- Deutsche Harmonia Mundi logo
- Parent company: Sony Classical Records
- Founded: 1958
- Genre: Classical music (Early and Baroque music)
- Country of origin: Germany
- Location: Freiburg im Breisgau
- Official website: www.sonyclassical.de

= Deutsche Harmonia Mundi =

German record label; subsidiary of Sony Classical Records

Deutsche Harmonia Mundi is a German classical music record label. It was founded in 1958 by Rudolf Ruby and based in Freiburg, Breisgau. The company was acquired by BMG Music in 1992 and is now part of Sony Music Entertainment. Ruby had Alfred Krings of West German Radio assemble their own house orchestra Collegium Aureum, founded 1964, to perform early music, selecting as leader Franzjosef Maier.

During the war Ruby had been imprisoned as a member of the Kreisau Circle of anti-Nazi resistance, and at a reunion in the 1960s he met fellow resistance member prince Joseph-Ernst Graf Fugger von Glött who invited him to use the Fugger castle, Schloss Fugger, in Kirchheim in Schwaben for his concerts and recordings. The connection with the Fugger family continued through the "Music of the Fuggers" recording made for DHM by Anthony Rooley.

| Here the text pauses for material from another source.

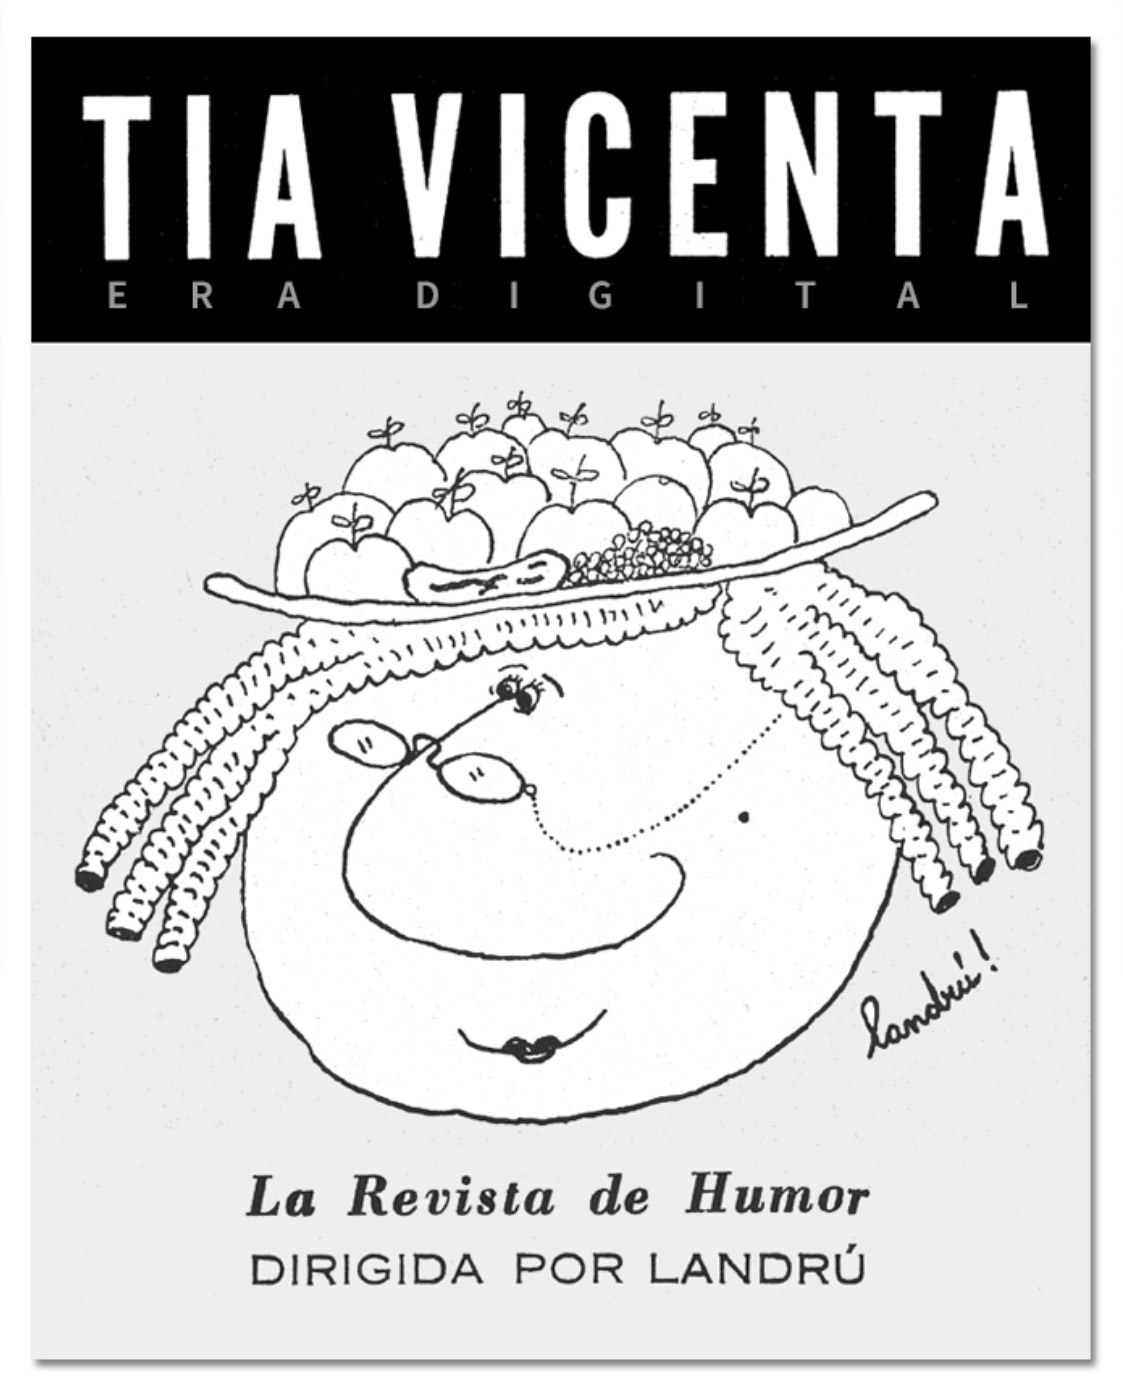 dibujo de tía vicenta con formato de revista antigua, y titulares de era digital, la revista de humor dirigida por landrú
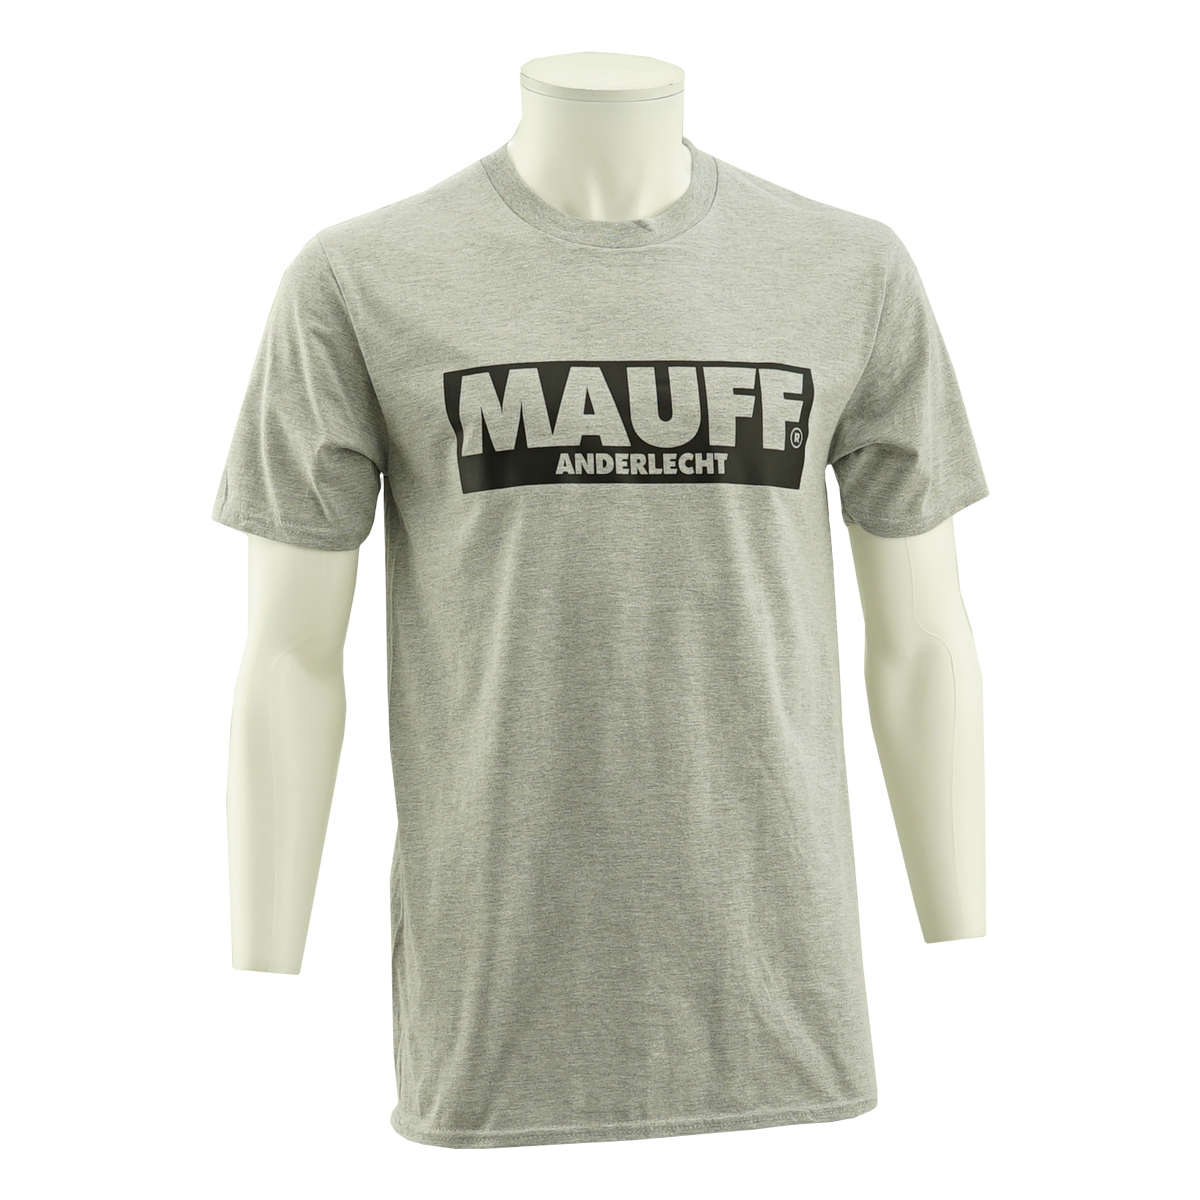 RSCA T-shirt Mauff Anderlecht

Ruby had distribution deals with his friend Bernard Coutaz of Harmonia Mundi France, until first BASF, then briefly with EMI bought into the label in the late 1980s, before finally selling to BMG in 1992 and retiring in 1993. In his retirement Ruby later founded the smaller Ars Musici label, which was purchased in 2008 by Membran.